Tinha se criado o consenso de que sem a democracia representativa não havia futuro. Primeiro porque os governos de esquerda que não respeitavam os direitos humanos, a liberdade de expressão etc., eram isolados, boicotados, como aconteceu com Cuba ou a Venezuela. E também porque os governos de direita não conseguiam se sustentar, acabavam fomentando revoltas, como no Chile ou em Portugal ou mesmo no Brasil, porque desprezando o princípio que estabelece que quem detém o poder é o povo, esses regimes careciam de legitimidade. Era óbvio que quem detinha o poder era o povo e seus representantes e não o clube dos padeiros, ou qualquer outra agremiação de interesses particulares.

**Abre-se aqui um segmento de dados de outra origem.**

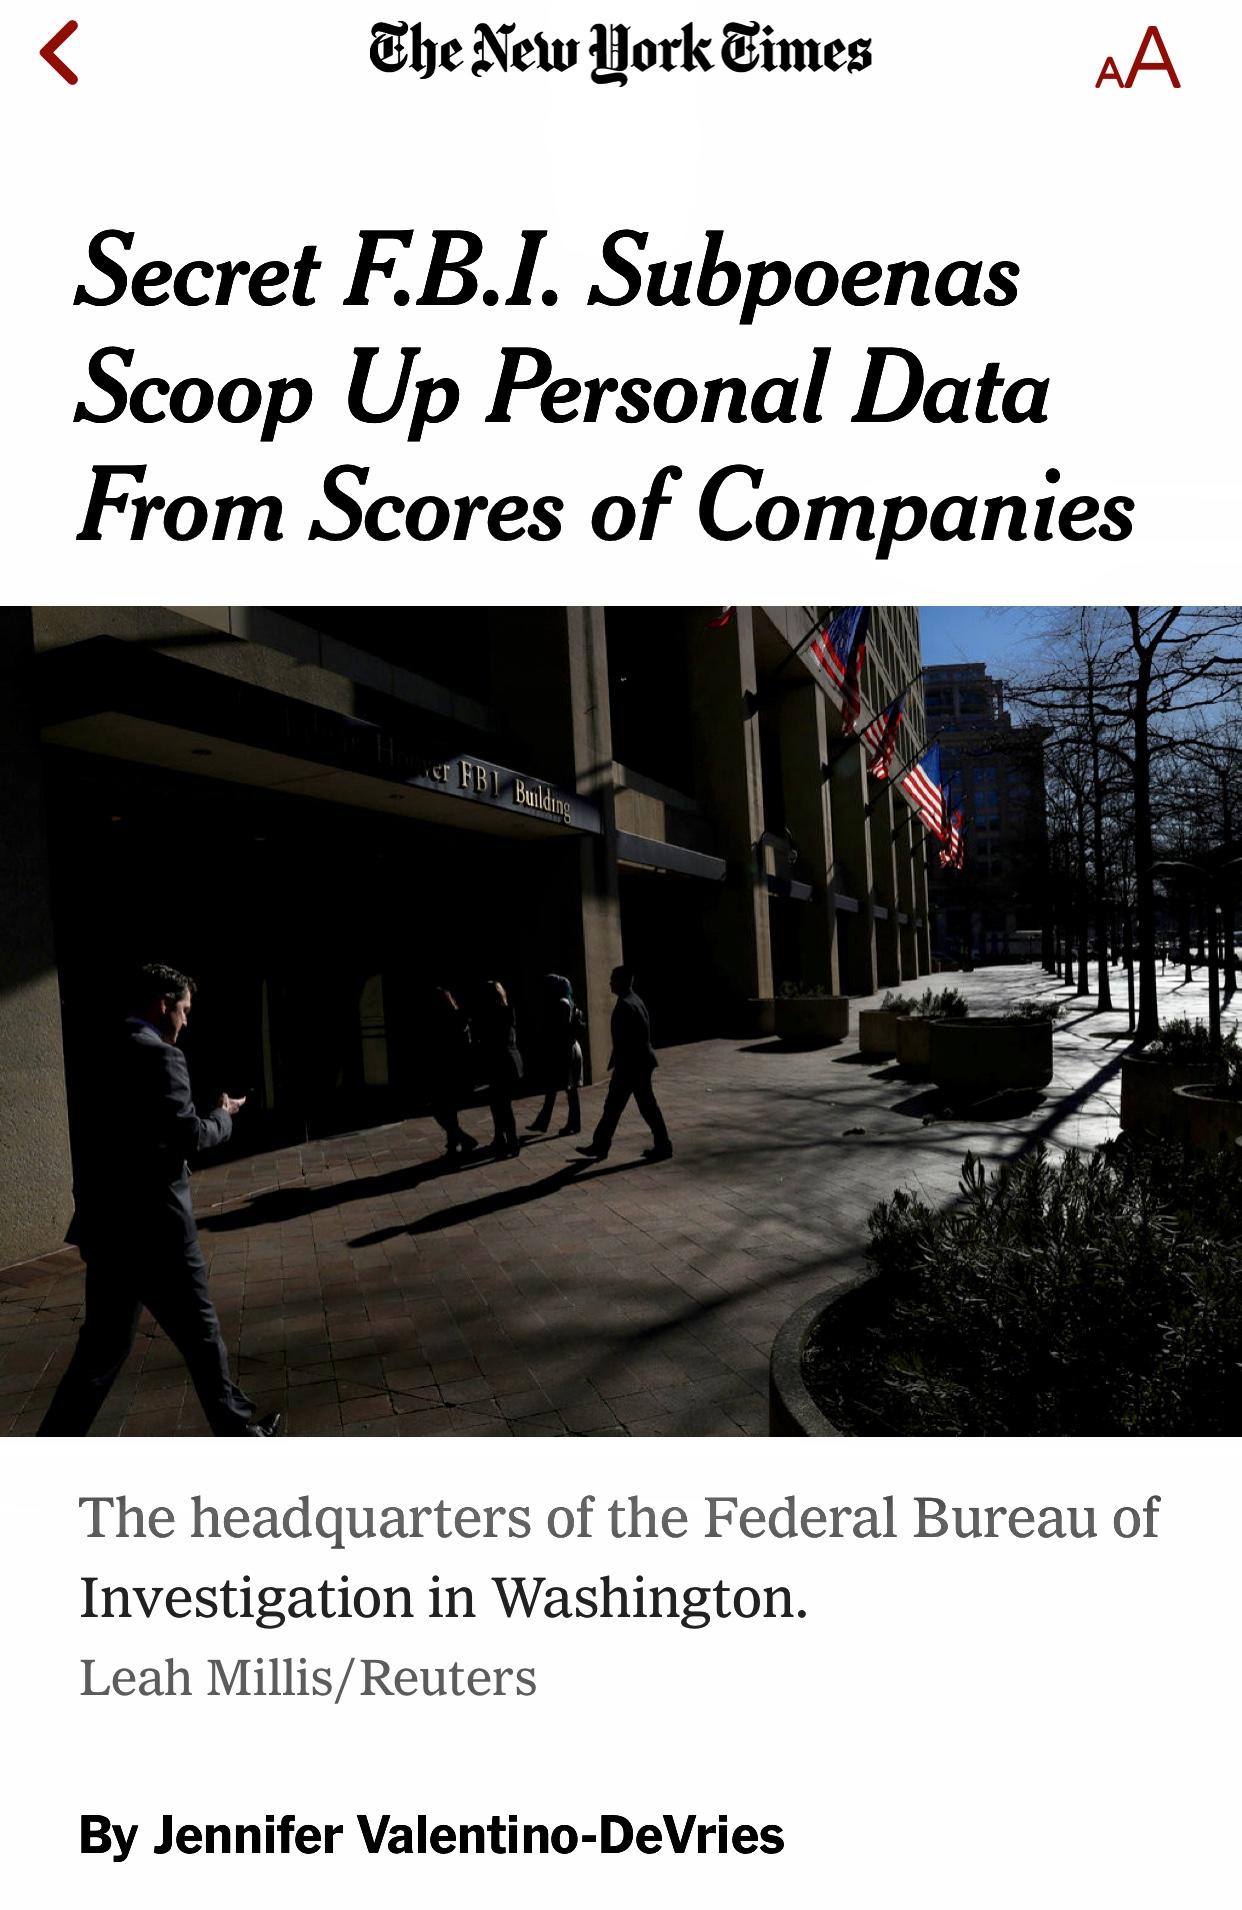 Secret FBI Subpoenas Scoop Up Personal Data From Scores of Companies

É verdade que as coisas não eram assim tão límpidas: havia regimes de esquerda em que os representantes careciam de real legitimidade, ou porque roubavam nas urnas, ou porque não havia liberdade de expressão, etc., e havia regimes de direita que faziam o mesmo, não respeitavam os direitos humanos, nem obedeciam aos resultados das eleições. Mas todos apregoavam os mesmos princípios, por menos que os praticassem, e a convivência entre esses diversos regimes ou alianças era mais ou menos pacífica desde a Segunda Guerra Mundial (excluindo conflitos como os da Coreia, Vietnã etc.) A grande exceção eram os regimes muçulmanos integristas que não aceitavam esses princípios, nem fingiam, mas pagavam a sua sobrevivência com as armas que compravam com o dinheiro do petróleo, gás, e no fundo não incomodavam muito, salvo Israel. Até a Guerra Fria não era tão gelada, graças ao Gorbatchov e à superioridade da tecnologia americana.

Por várias razões que seria muito longo expor aqui, mas que certamente têm a ver com o progresso econômico da China, a invasão americana do Iraque e as redes sociais, que espalhavam informação falsa e verdadeira por todos os meridianos do planeta, esse clima de relativa concórdia foi apodrecendo. Biden ao chegar, tal como Trump fizera, elegeu a China como o grande competidor dos EUA. Porém um terceiro parceiro, que durante anos tinha sido deixado meio de lado, como se já não contasse, foi acumulando armas sofisticadas e rancor: a Federação Russa. Ou antes a Rússia mesmo, porque a maioria dos povos que compõem a Federação ignora esses problemas, em nome da sobrevivência.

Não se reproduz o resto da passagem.